Netflix's newest docuseries is Trial By Media, which aims to show how influential media coverage can be during criminal court cases. The six part series covers a wide scope of cases — from multiple murder trials to the bribery case of Rod Blagojevich to a rape trial that revealed the victim's identity — and it shows how the public often turns trials into television spectacles.
The first episode, "Talk Show Murder," covers the 1995 murder of Scott Amedure, which occurred just three days after he revealed a same-sex crush on The Jenny Jones Show. His killer proved to be the very person he confessed his feelings to on air.
What happened to Scott Amedure? The case is featured on Trial By Media, and you won't believe what happened.
What happened to Scott Amedure on 'Trial By Media'?
In the '90s, there was a trend that celebrities were getting their own talk shows, and the more outrageous the guests were, the better. Comedian and actress Jenny Jones hosted The Jenny Jones Show from 1993 to 2001, and the series depended on sensational guests in order to compete with the likes of Maury, The Geraldo Rivera Show, and The Jerry Springer Show.
When 32-year-old Michigan resident Scott Amedure saw an ad to appear on The Jenny Jones Show in 1995, he jumped at the chance to be on TV.
He applied for a segment on the show in which he had to confess a same-sex crush. Producers soon reached out to him, and Amedure went on the talk show to admit his feelings for neighbor Jonathan Schmitz. Though Amedure was openly gay and unafraid of discussing his fantasies on the air, Schmitz was uncomfortable with the notion of having a male admirer.
During the show, Jones asked Amedure to describe his feelings toward Schmitz. He detailed how he wanted to tie Schmitz to his hammock, and that his fantasies involved whipped cream.
When Schmitz came out to see who his secret admirer was, he was shocked to learn that it was Amedure. He asserted that he was heterosexual, and that he was unaware of Amedure's feelings.
The show taped on March 6, 1995, and Amedure was murdered by Schmitz just three days later. Schmitz went to Amedure's home, which he shared with a male roommate, and he shot Amedure to death with a shotgun.
Schmitz's legal team later argued that the killer was nervous about the potential embarrassment he would face once the show aired, and that he snapped as a result. His team also stated that the producers for the show hadn't been transparent about how Schmitz's admirer was a man.

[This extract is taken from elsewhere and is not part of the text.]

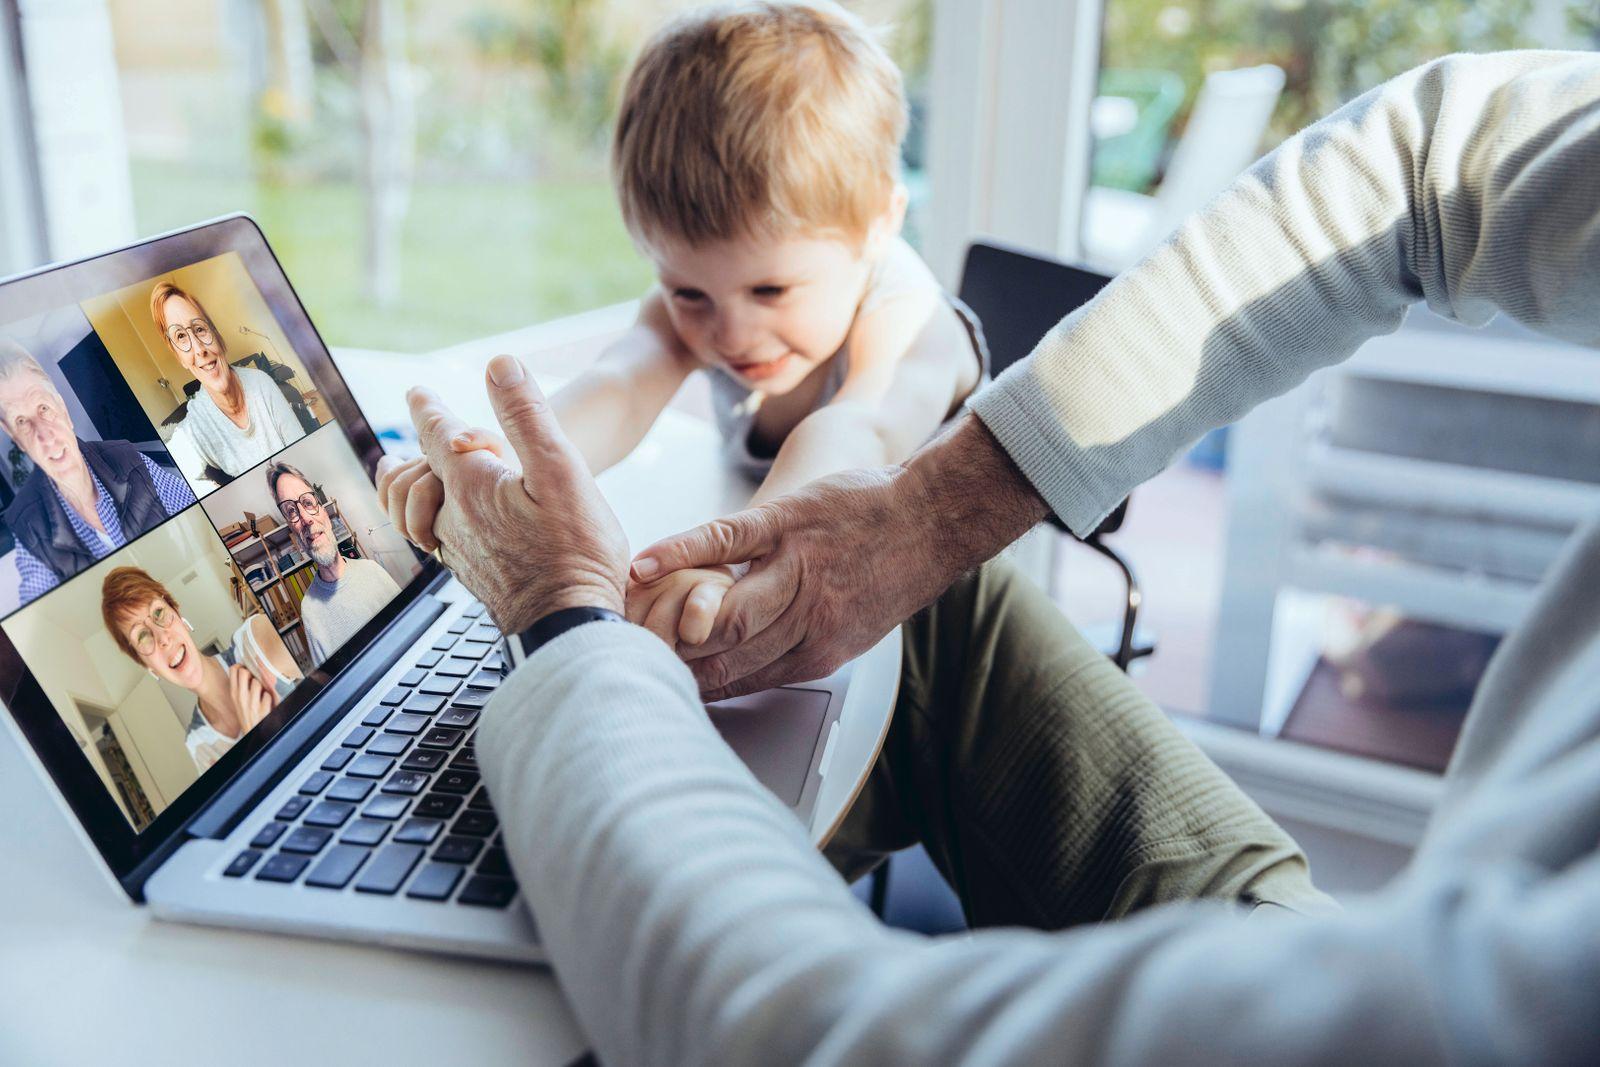 Kind stört Videokonferenz

After he shot Amedure twice in the chest, Schmitz immediately called 911, and he confessed to the crime. Though the case appeared to be open and shut, the subsequent media coverage about what happened on The Jenny Jones Show ultimately led Schmitz to be charged with second degree murder instead of the greater charge of first degree murder.
One of Amedure's friends testified during the 1996 trial that Schmitz and Amedure had a sexual encounter the night following the taping of the show.
It was also revealed at court that Amedure had written an explicit note for Schmitz, and that he had delivered it to Schmitz's home on the day of the murder. This proved to be a catalyst for what followed, as his lawyers noted that he suffered from manic depression and Graves' disease.
After two trials, Schmitz was found guilty of second degree murder in 1999. He was sentenced to 25 to 50 years in prison, with the possibility of parole.
He was released from prison in 2017, and he is set to celebrate his 50th birthday in July of 2020 as a free man.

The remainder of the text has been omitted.